The series follows the adventures of the Federation starship Voyager, isolated tens of thousands of light-years from home. In this episode, a temporal phenomenon fractures the ship into sections that exist at different points in time, and Commander Chakotay must fight old adversaries to restore the ship to normalcy.

This episode aired on the United Paramount Network (UPN) on January 17, 2001, and was the first Star Trek episode to be broadcast in the 21st century.

==Plot==
While Commander Chakotay is discussing with Icheb and young Naomi Wildman where to hide a special stash of cider from Neelix, the U.S.S. Voyager is struck by a chronokinetic surge from a rift in space interacting with the ship's warp core.

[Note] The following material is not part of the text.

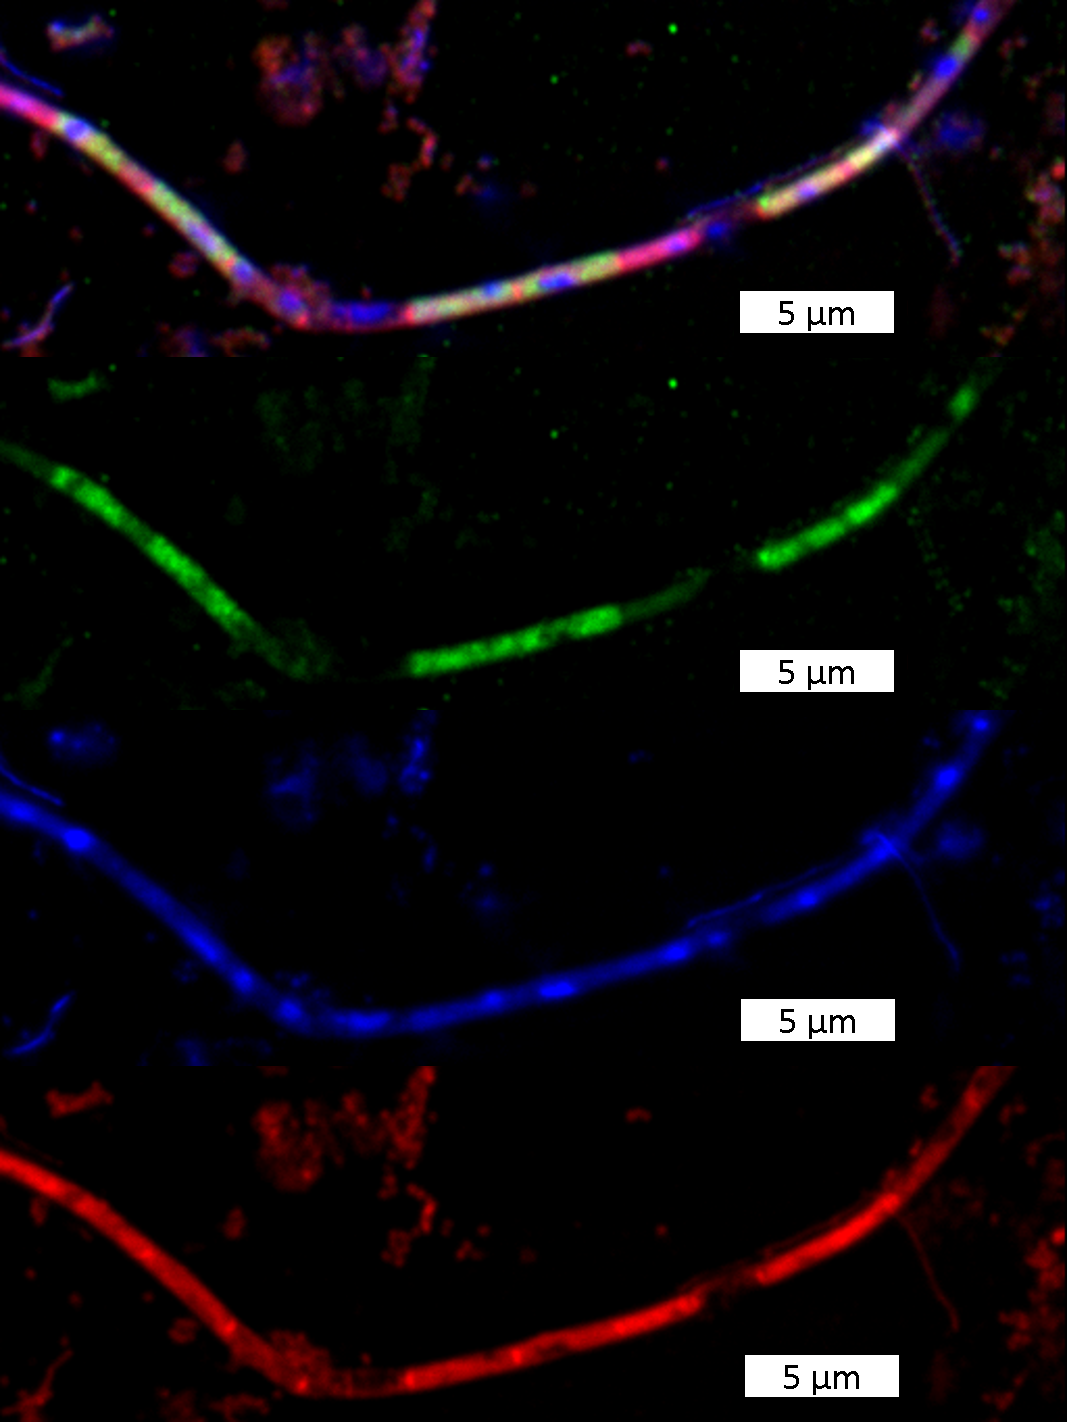 Images of Methanosaeta, a filamentous methanogenic archaeon, from the fluorescence microscope.

Chakotay is struck with a blast of temporal energy. He regains consciousness in Sickbay where the Doctor has injected him with a chronoton serum to repair injuries from the temporal blast. As Chakotay talks with the Doctor, he finds the Doctor believes it is several years earlier. Chakotay goes exploring the ship, and discovers that various sections of the ship are experiencing different periods of time, a result of the chronokinetic surge. The chronoton serum enables Chakotay to see and travel between these periods, but not other members of the crew.

He makes his way to the bridge, which is currently set a few days before Voyager was taken to the Delta Quadrant and before he joined the crew. Captain Janeway immediately identifies him as a spy despite his pleas, and orders him taken to the brig, but en route, they pass through another time period, which Chakotay passes into but not his captors. During his exploration he finds that Engineering has been taken over by Seska and other Kazon, and though captured, he managed to escape due to his ability to travel between these time periods. Chakotay returns to Sick Bay and has the Doctor create more of the chronoton serum, then returns to the bridge, injects Janeway with the serum, and takes her to another time period to avoid capture.

Janeway is initially hostile towards Chakotay's actions, but he demonstrates what has happened to the ship and she becomes more trusting of him. They go to Astrometrics, which is set 23 years in the future and is staffed by Lieutenant Commander Icheb and Lieutenant Naomi Wildman, both adults, who are surprised by their appearance, as in their timeline Janeway and Chakotay had died 17 years earlier. The two are able to provide Chakotay with details on the chronokinetic surge and suggestions for how to restore Voyager to normal, and Icheb implies that he never revealed the location of Chakotay's cider stash. Later, they encounter Seven of Nine shortly after her arrival on Voyager, and her Borg knowledge provides a plan for restoring the ship to normal—if Chakotay injects the chronoton serum into the ship's organic gel-packs, all parts of the ships will align with Chakotay's timeframe.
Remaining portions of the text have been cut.